## [Requirement]
Word for word, restate the listing that follows and leave out the images.

## [Supplied information]
┄┄┄┄┄┄┄┄┄┄┄┄┄┄┄┄┄┄┄┄

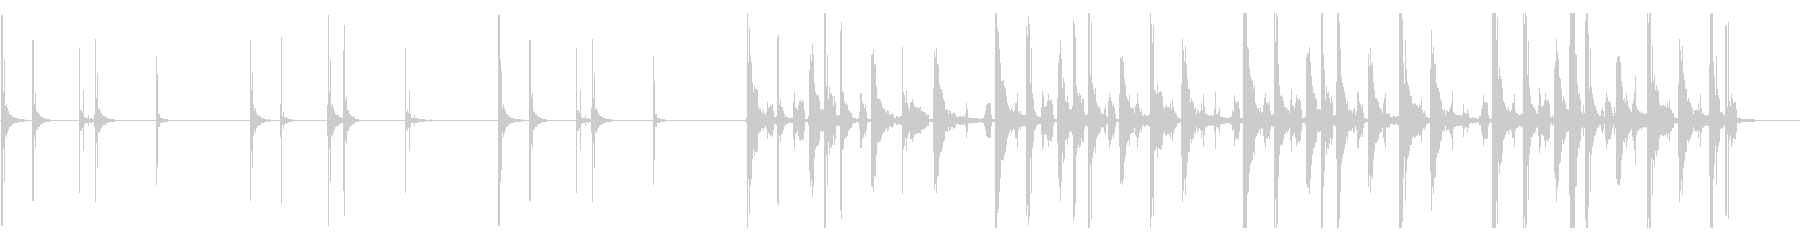 KANTハンズクラップジングル2の未再生の波形
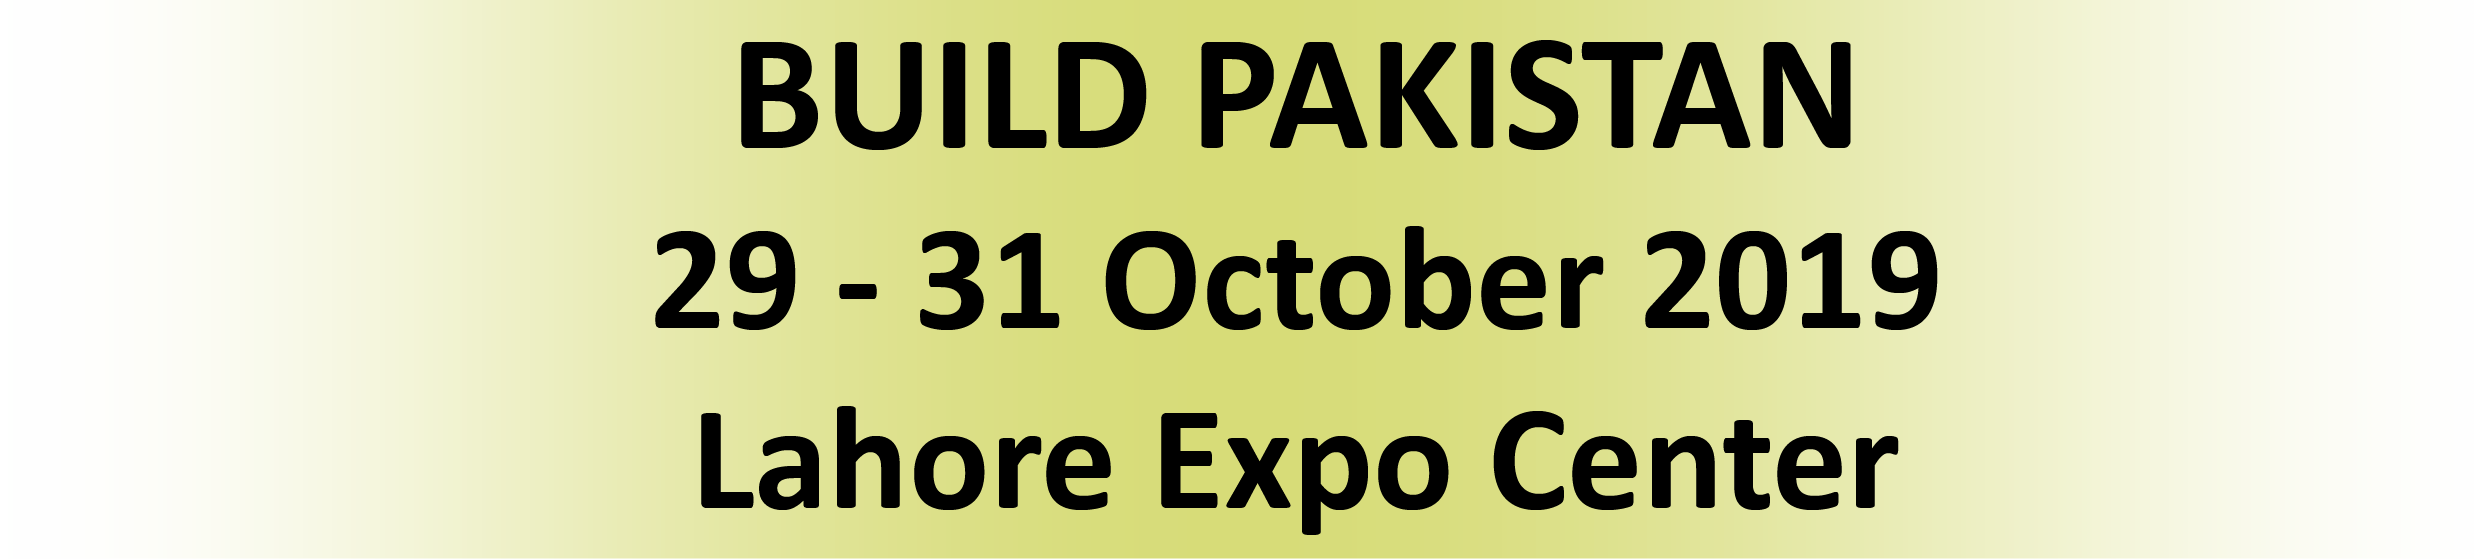 Build Pakistan International Exhibition For Building Construction
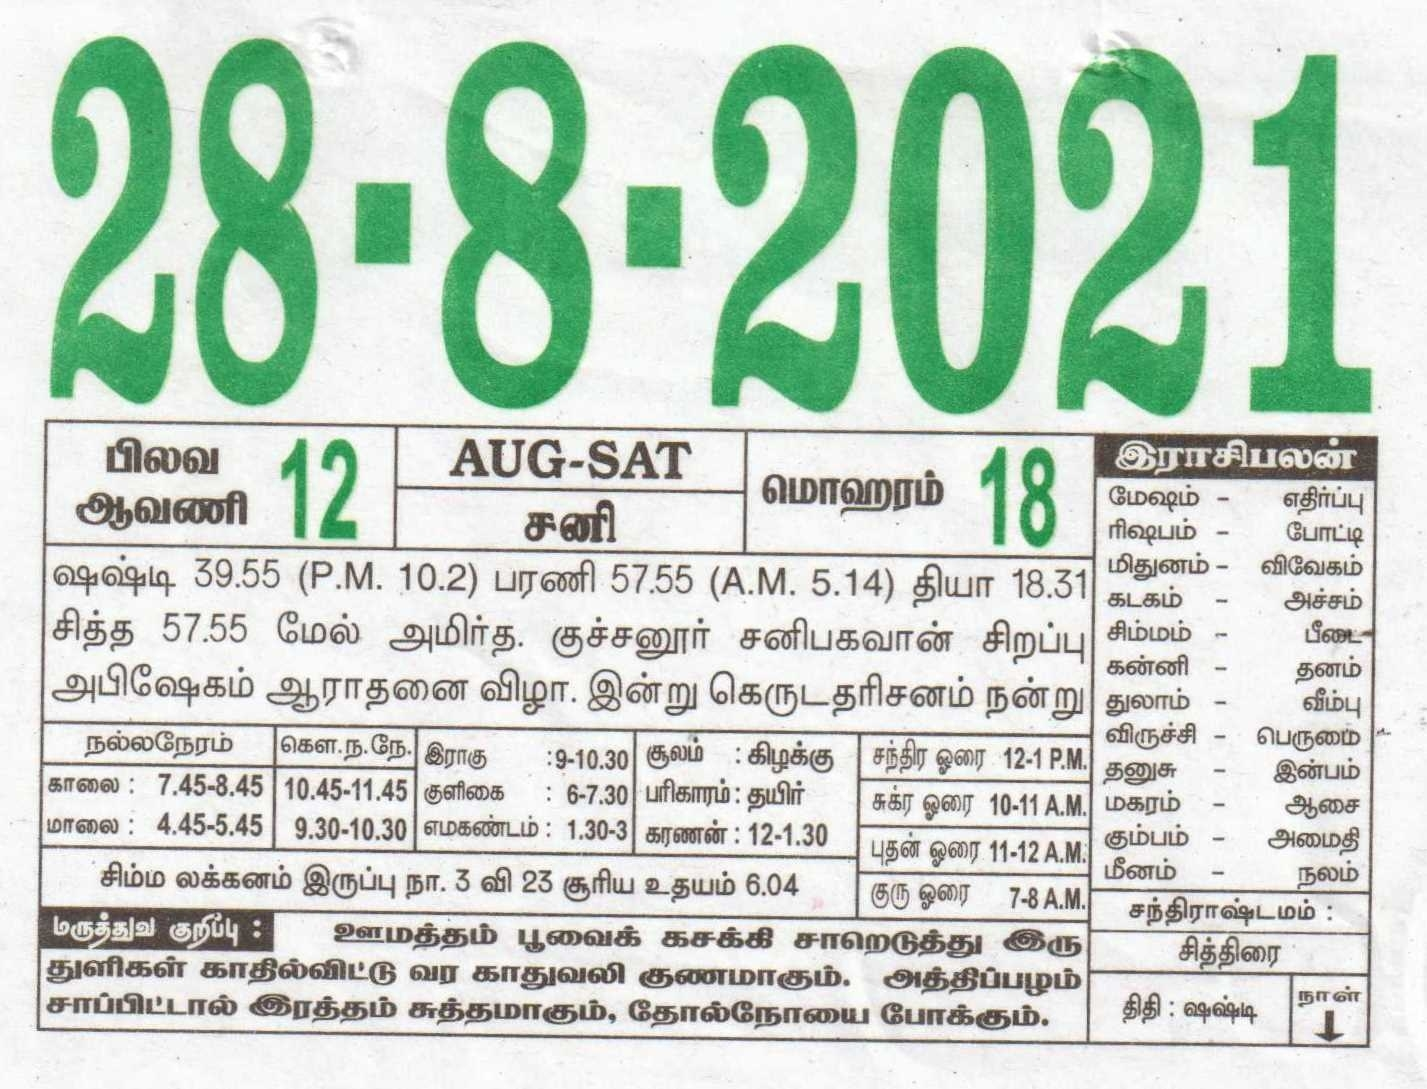 28-08-2021 Daily Calendar | Date 28 , January Daily Tear Off Calendar | Daily Panchangam Rasi Palan June 2021 Tamil Daily Calendar
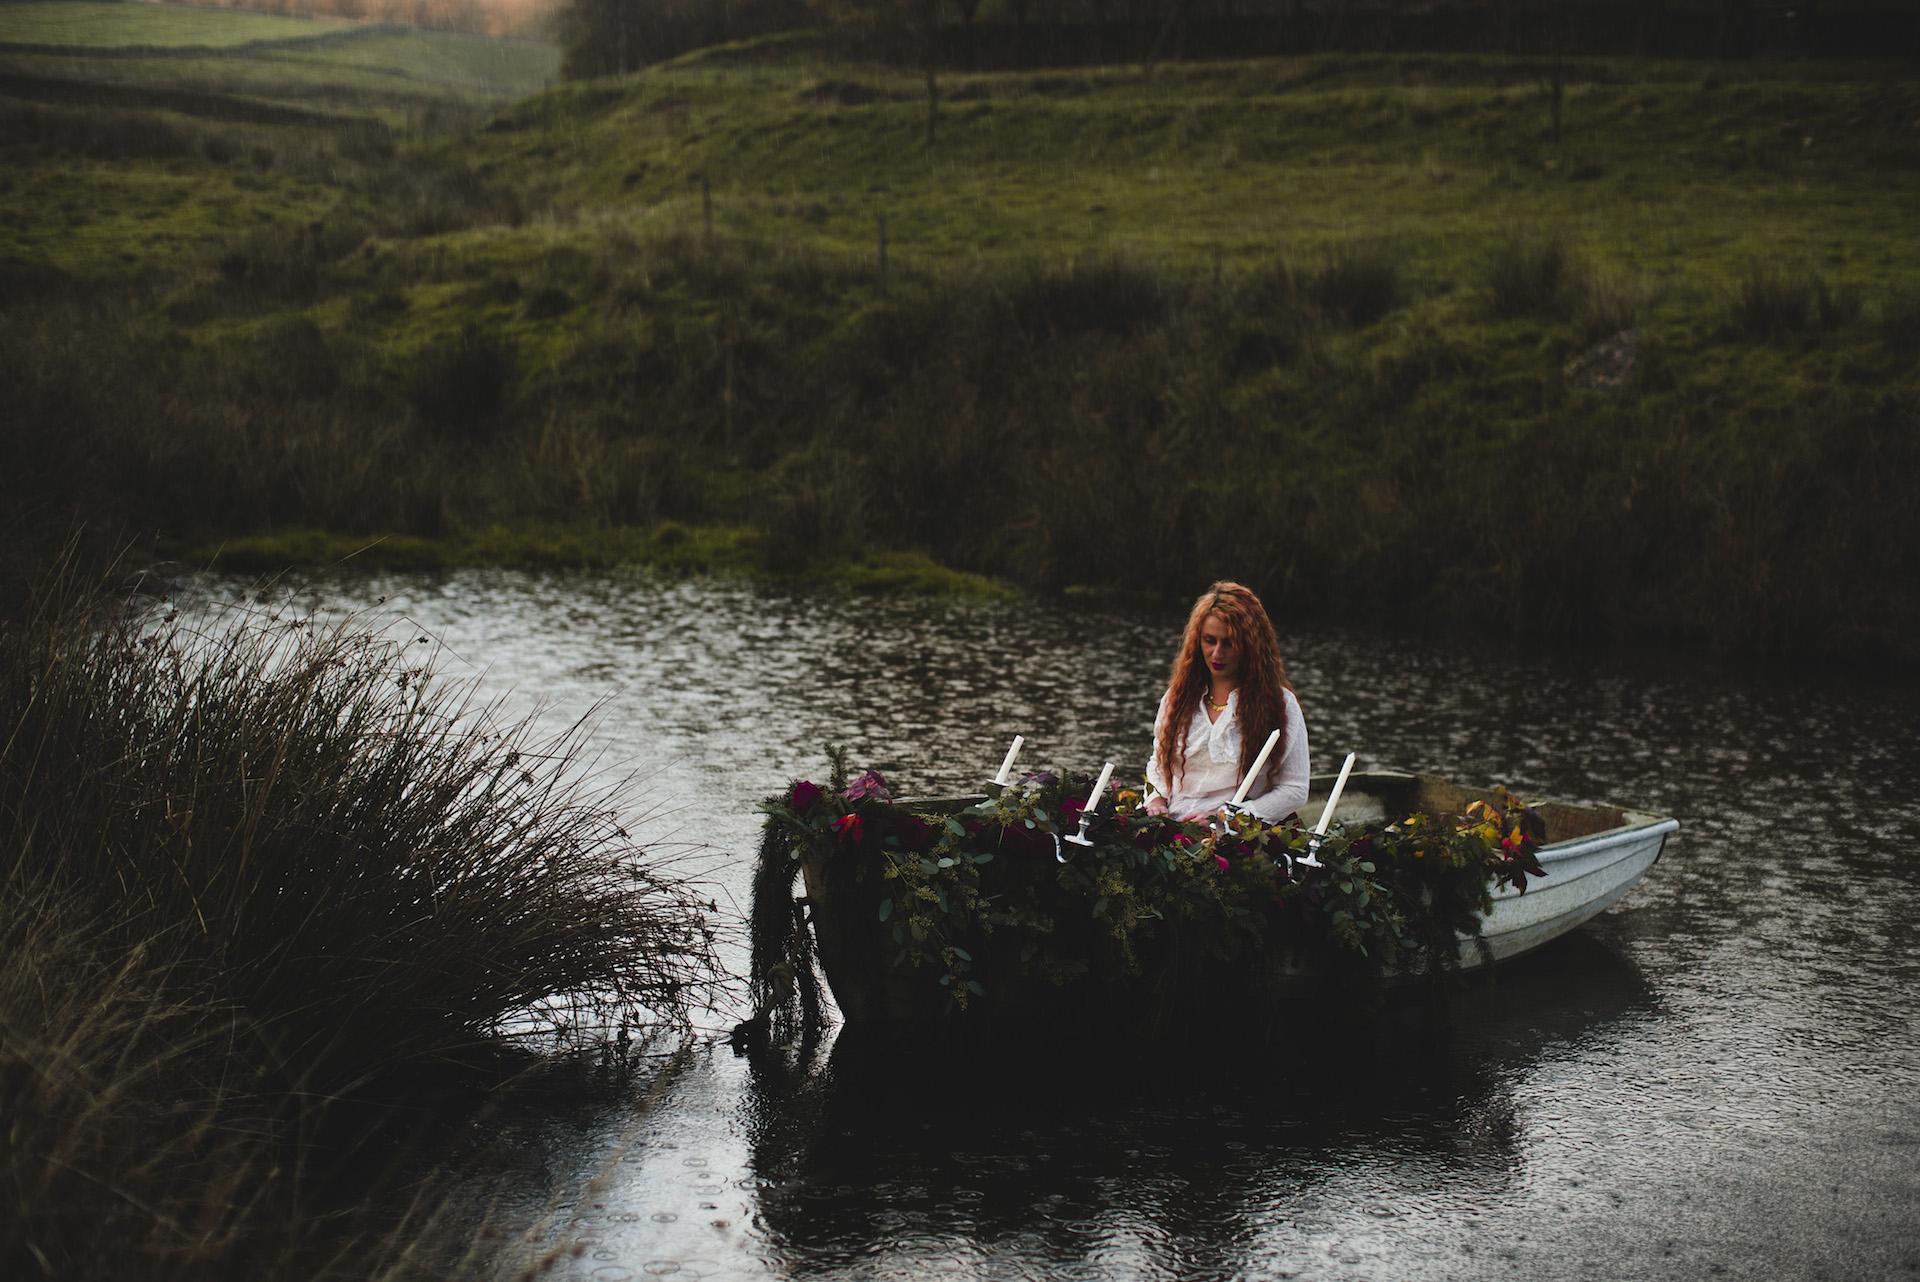 Lady of Shalott - Rain

┄┄┄┄┄┄┄┄┄┄┄┄┄┄┄┄┄┄┄┄

## [Result below]
 KANTハンズクラップジングル2の未再生の波形
 Build Pakistan International Exhibition For Building Construction
 28-08-2021 Daily Calendar | Date 28 , January Daily Tear Off Calendar | Daily Panchangam Rasi Palan June 2021 Tamil Daily Calendar
 Lady of Shalott - Rain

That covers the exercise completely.